Our society sends out such ultra critical messages about "feeling sorry for yourself" that people suffer with these feelings, bottling them up and criticizing themselves. They end up damaging themselves more. Well, letting yourself feel compassion for yourself (i.e., becoming your own parent) and letting yourself feel the feelings of sadness, of anger, even of self-loathing (sounds paradoxical, I know), is the must do step of getting through this and healing from it. I simply cannot recommend this step enough. It is life changing.
If you find that this is truly overwhelming to do or you feel yourself "shutdown" when you do it, or feel spaced out in someway, please seek out a therapist who can help you. These are danger signals of deeper traumatic responses.
In truth, what you are suffering from is the long-time after effects of trauma from emotional abuse. Self-loathing is the ultimate symptom.
As far as how to deal with your parents, you need to take control of the situation. Your parents are both narcissistic and are "feeding" off being able to still control you and diminish you as a child (it's probably an unconscious high for them - usually is for narcissistic people). You can actually put an end to this and do not need to cut them out of your life to do this.
1. You need to identify what they say that is abusive to you.

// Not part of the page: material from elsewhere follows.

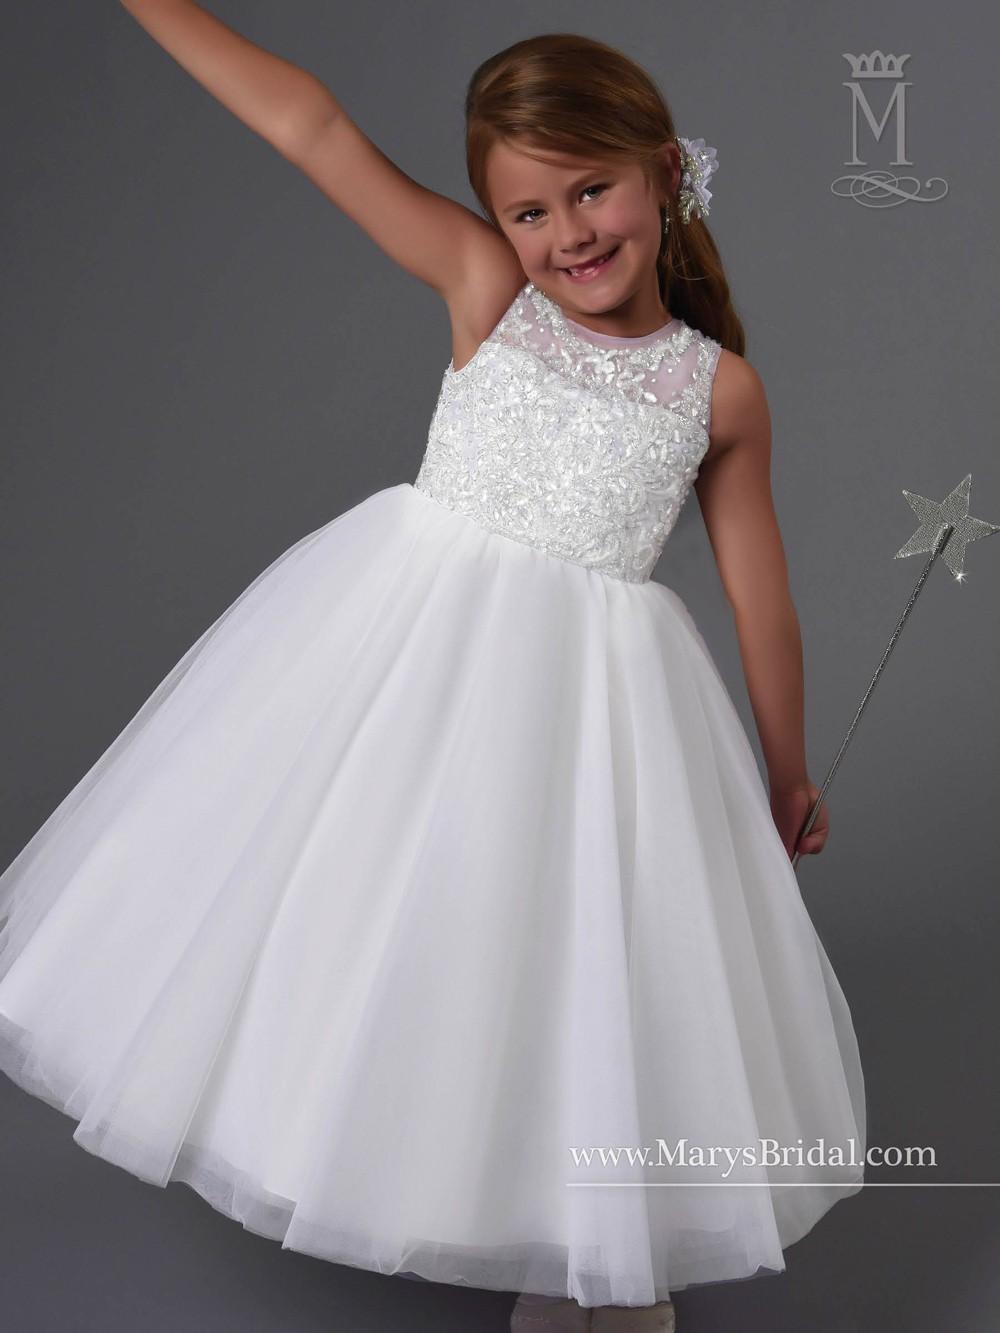 wedding dresses for baby girls photo - 1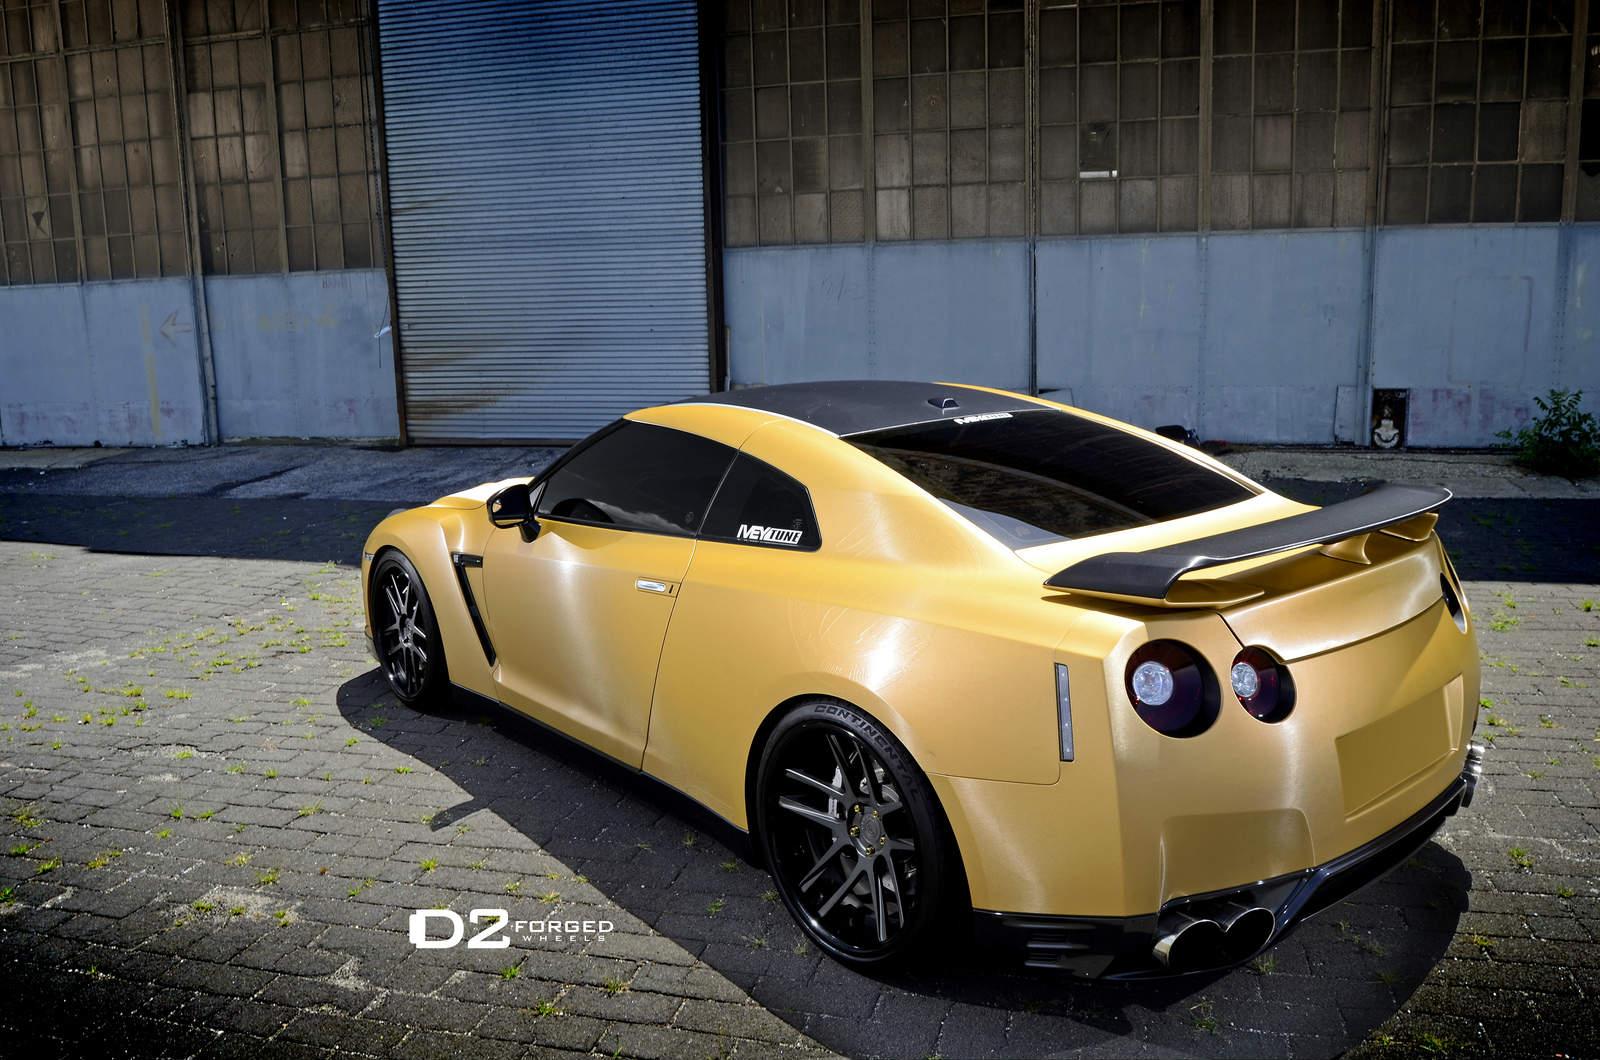 Benz Drift Car >> Matte Gold Nissan-GTR-D2FORGED-CV8-Wheels-three quarter rear left side close view - NO Car NO ...

Exactly. When does it start in the conversation? How does it make you feel? Be very descriptive.
2. Once you have done that, you have a choice based on what you have done in the past that has not worked. What I mean by this is what is your reaction to them when they start the abuse? Do you argue with them? Do get very upset and yell at them? Just let them insult you? Whatever your reaction, it is reinforcing their abusive behavior. Do not feel guilty about this. This is an unconscious pattern that has been set up over the years. Just become very aware your reactions.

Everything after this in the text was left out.